HOW TO COMPLETE THIS TASK: For these records, count the lines containing the word "free" and respond with the number alone.

EXTRACTED MATERIAL:
Segment Open
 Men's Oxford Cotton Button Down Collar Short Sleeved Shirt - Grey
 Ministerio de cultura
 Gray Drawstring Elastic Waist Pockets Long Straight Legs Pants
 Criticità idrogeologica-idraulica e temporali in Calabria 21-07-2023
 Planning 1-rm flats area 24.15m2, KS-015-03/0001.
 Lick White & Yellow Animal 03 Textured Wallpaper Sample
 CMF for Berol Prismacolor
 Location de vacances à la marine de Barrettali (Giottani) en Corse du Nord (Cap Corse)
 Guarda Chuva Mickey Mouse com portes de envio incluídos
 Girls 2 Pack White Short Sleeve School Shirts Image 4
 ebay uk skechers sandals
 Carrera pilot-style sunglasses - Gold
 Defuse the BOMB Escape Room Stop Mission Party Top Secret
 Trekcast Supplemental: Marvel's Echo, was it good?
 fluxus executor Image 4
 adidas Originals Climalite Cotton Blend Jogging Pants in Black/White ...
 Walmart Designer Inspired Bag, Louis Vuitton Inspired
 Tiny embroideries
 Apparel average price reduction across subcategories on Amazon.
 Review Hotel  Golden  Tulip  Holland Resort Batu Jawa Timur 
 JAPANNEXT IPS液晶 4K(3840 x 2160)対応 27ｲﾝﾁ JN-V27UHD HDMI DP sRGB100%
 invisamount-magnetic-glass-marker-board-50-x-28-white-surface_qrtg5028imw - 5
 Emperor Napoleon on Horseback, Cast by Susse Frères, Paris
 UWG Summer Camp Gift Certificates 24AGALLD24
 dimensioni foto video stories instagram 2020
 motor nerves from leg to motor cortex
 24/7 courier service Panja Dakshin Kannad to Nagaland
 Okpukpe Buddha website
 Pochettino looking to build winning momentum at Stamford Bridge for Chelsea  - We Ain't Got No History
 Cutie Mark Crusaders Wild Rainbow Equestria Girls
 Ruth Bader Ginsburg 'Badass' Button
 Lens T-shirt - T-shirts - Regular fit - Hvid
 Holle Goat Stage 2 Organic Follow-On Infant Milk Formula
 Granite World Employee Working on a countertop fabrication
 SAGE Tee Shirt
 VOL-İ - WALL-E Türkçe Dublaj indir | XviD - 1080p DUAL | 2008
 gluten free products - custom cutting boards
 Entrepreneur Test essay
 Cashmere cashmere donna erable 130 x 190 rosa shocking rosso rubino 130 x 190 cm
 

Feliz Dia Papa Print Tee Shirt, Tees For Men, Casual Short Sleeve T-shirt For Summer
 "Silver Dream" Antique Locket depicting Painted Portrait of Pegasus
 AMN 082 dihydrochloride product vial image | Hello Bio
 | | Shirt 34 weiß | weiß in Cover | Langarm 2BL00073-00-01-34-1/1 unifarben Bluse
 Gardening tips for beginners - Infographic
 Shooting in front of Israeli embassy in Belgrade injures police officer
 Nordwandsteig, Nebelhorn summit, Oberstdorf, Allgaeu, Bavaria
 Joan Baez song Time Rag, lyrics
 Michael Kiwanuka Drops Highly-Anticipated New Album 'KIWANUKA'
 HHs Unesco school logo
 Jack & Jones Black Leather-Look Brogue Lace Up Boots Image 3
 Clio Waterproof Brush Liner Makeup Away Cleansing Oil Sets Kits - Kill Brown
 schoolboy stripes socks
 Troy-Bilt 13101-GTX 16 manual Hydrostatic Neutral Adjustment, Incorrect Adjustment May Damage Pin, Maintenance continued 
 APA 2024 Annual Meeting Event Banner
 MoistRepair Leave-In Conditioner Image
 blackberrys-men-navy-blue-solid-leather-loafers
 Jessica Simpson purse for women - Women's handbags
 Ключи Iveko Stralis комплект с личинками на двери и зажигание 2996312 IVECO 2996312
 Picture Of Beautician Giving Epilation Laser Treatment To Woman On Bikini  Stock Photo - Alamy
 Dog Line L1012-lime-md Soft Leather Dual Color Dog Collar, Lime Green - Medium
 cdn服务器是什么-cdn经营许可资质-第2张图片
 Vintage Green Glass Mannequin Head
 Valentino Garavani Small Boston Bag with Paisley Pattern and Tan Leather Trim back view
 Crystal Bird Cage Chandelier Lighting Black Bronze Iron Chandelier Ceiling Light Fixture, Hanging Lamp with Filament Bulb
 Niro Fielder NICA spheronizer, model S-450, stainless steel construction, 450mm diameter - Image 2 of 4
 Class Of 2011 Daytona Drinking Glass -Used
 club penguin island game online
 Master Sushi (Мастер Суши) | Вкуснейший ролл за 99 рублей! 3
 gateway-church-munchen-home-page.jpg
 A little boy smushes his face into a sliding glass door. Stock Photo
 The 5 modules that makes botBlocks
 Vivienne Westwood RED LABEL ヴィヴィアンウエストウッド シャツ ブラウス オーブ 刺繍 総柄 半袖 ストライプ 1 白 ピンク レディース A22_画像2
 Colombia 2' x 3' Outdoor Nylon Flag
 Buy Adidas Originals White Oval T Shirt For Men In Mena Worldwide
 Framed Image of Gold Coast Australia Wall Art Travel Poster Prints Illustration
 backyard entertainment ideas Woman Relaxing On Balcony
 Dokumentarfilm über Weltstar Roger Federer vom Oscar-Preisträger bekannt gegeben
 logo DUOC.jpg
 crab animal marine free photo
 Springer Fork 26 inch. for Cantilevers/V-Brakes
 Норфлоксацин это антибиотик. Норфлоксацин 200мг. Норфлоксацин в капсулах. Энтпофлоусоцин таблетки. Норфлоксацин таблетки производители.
Segment Closed
ANSWER BOX: 2